WHAT THE TASK REQUIRES: Although the entries contain pictures, copy only their text, exactly as written.

TASK INPUT:
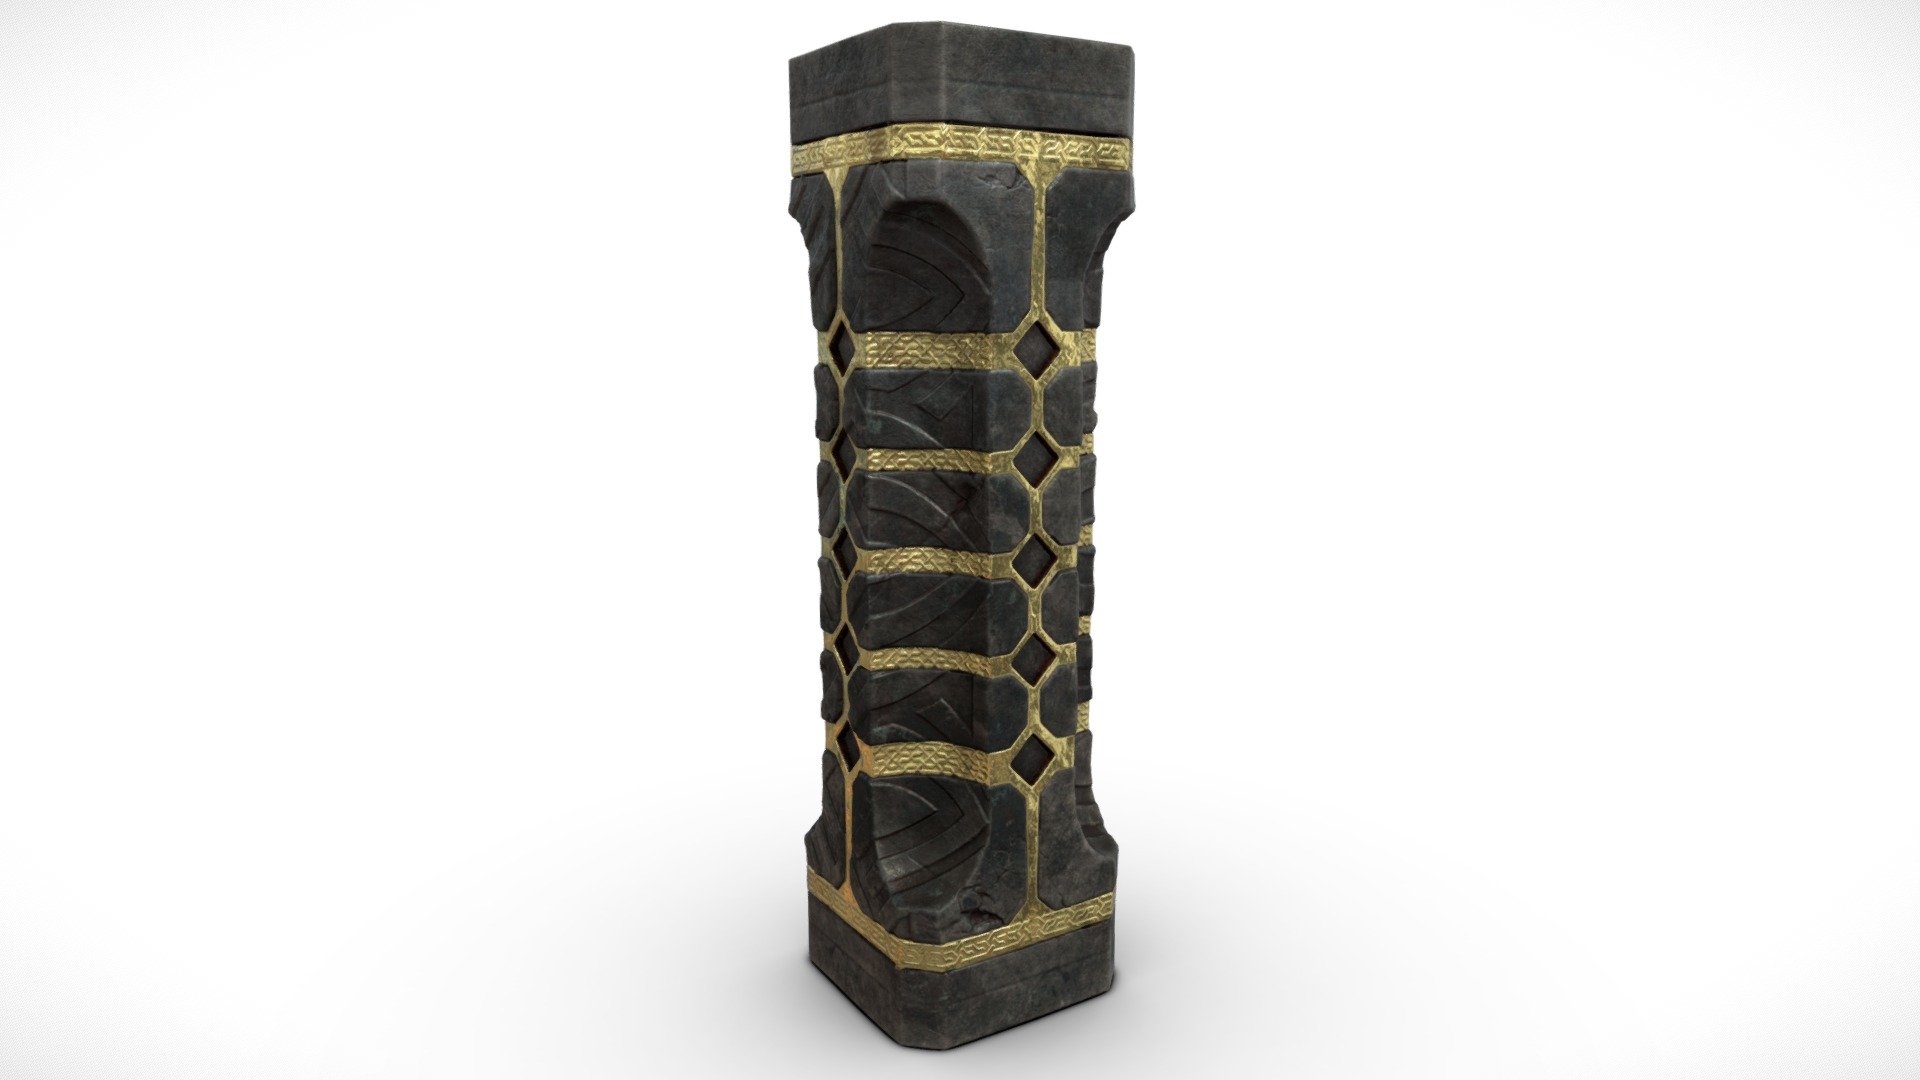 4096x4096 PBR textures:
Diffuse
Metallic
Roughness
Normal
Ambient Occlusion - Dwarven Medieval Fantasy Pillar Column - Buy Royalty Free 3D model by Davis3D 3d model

ANSWER SPACE:
 4096x4096 PBR textures:
Diffuse
Metallic
Roughness
Normal
Ambient Occlusion - Dwarven Medieval Fantasy Pillar Column - Buy Royalty Free 3D model by Davis3D 3d model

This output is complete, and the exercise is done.